Toen de holy man arriveerde, bleek hij een aardige man met een kekke bril te zijn. Hij begon voortvarend: na instudering van onze voornamen, konden de gebeden tot de goden beginnen. Het was een warme dag en van de weeromstuit had ik 's ochtends vergeten zonnecrème te smeren. Dat heb ik geweten! Ik zit dit nu dan ook te typen met een knalrood hoofd, pijnlijke wallen en konen. Als ik rare dingen uitsla, komt dat ongetwijfeld door de zonnesteek die ik vandaag opliep.

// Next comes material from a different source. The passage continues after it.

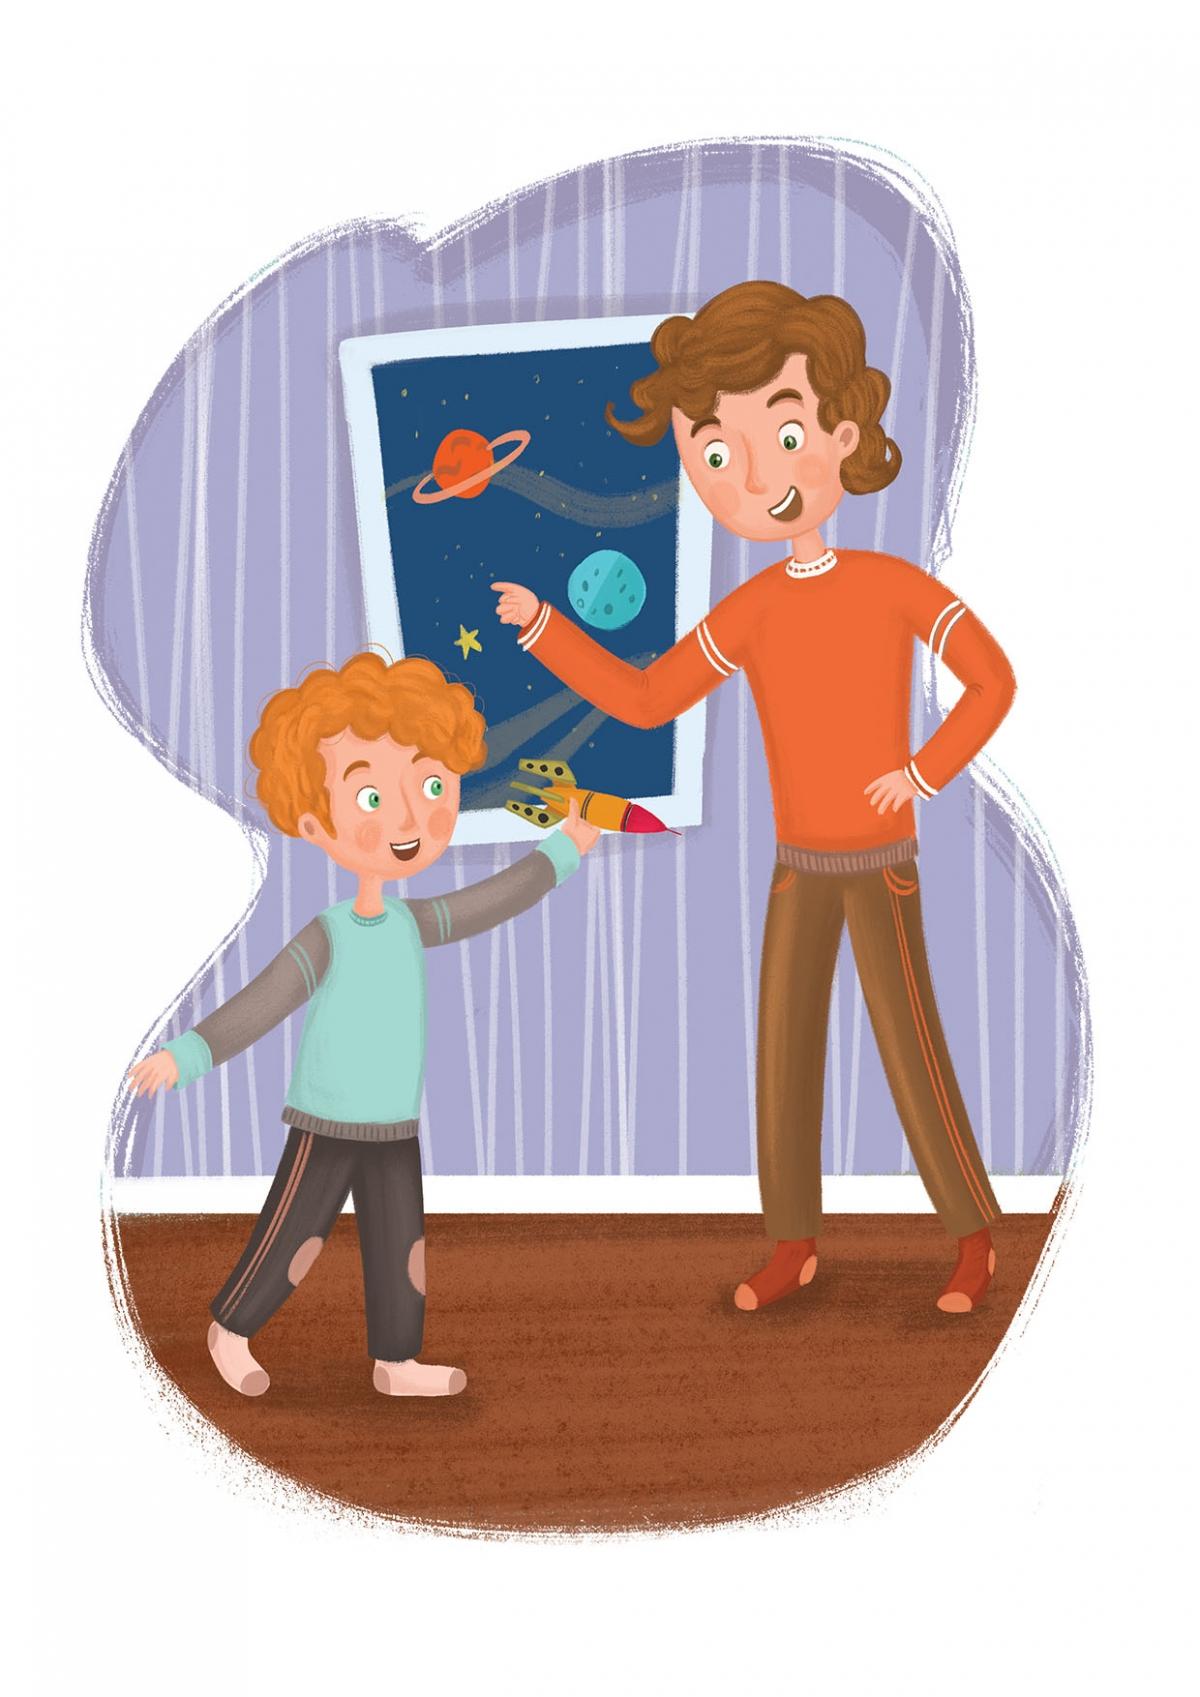 puzzle illustration for children's magazine

Het werd een authentieke, traditionele ceremonie. De grootmoeder van tuinman Ketut was de vrouw die namens de heilige man veel ceremoniële taken verrichtte. Ze is een jaar of 70, met een getaand gezicht en één tand in haar mond. Zij was de gehele dag kwiek in de weer. Ik had met haar te doen als ze weer eens opkrabbelde van het lange gehurkt zitten en gebukt staan. Bovendien voelde ik letterlijk met haar mee: het was vooral aan mij om ons Westerse familietje te vertegenwoordigen tijdens deze Balinese ceremonie. Mijn liefje is dan weliswaar behoorlijk fit maar langdurig hurken, offerandes op het hoofd dragen, in de volle zon meebidden, drie keer hameren op de 23 pilaren op het terrein (met de hamer uit mijn vaders oude gereedschapskist!), knabbelen aan het krokante korstje van het varken, liet zij -terecht- aan de jongste van de familie over. Sommige onderdelen waren niet eenvoudig maar ik werd vaak geholpen door Ketut, de schat van een echtgenoot van Elsa. Mijn oksels klotsten en mijn kebaja werd drijfnat.

Zo werd het half drie. Ons huis, de tuin en de omliggende gebouwen zijn nu ritueel gereinigd en gezegend. Morgen breken hier nieuwe tijden aan. We weten inmiddels ook welke god hier huist al kan ik de Balinese naam niet reproduceren. Ik weet wel dat 'hij' iets te maken heeft met vers vruchtensap, juwelen en vuur. Voortaan zullen wij eenmaal per jaar als bewoners en personeel een eend moeten offeren... (Het was sowieso goed dat er vandaag niemand van de Partij voor de Dieren aanwezig was.)
De organisatoren van de dag en onze personeelsleden gingen met zakken vol offerandes huiswaarts. Het zij ze van harte gegund. Wij zijn heel tevreden met de ervaring als aandenken. Voorlopig heb ik een lopende diashow van onze Melaspasin op mijn blog staan. Nu eerst lekker slapen en morgen fris weer op.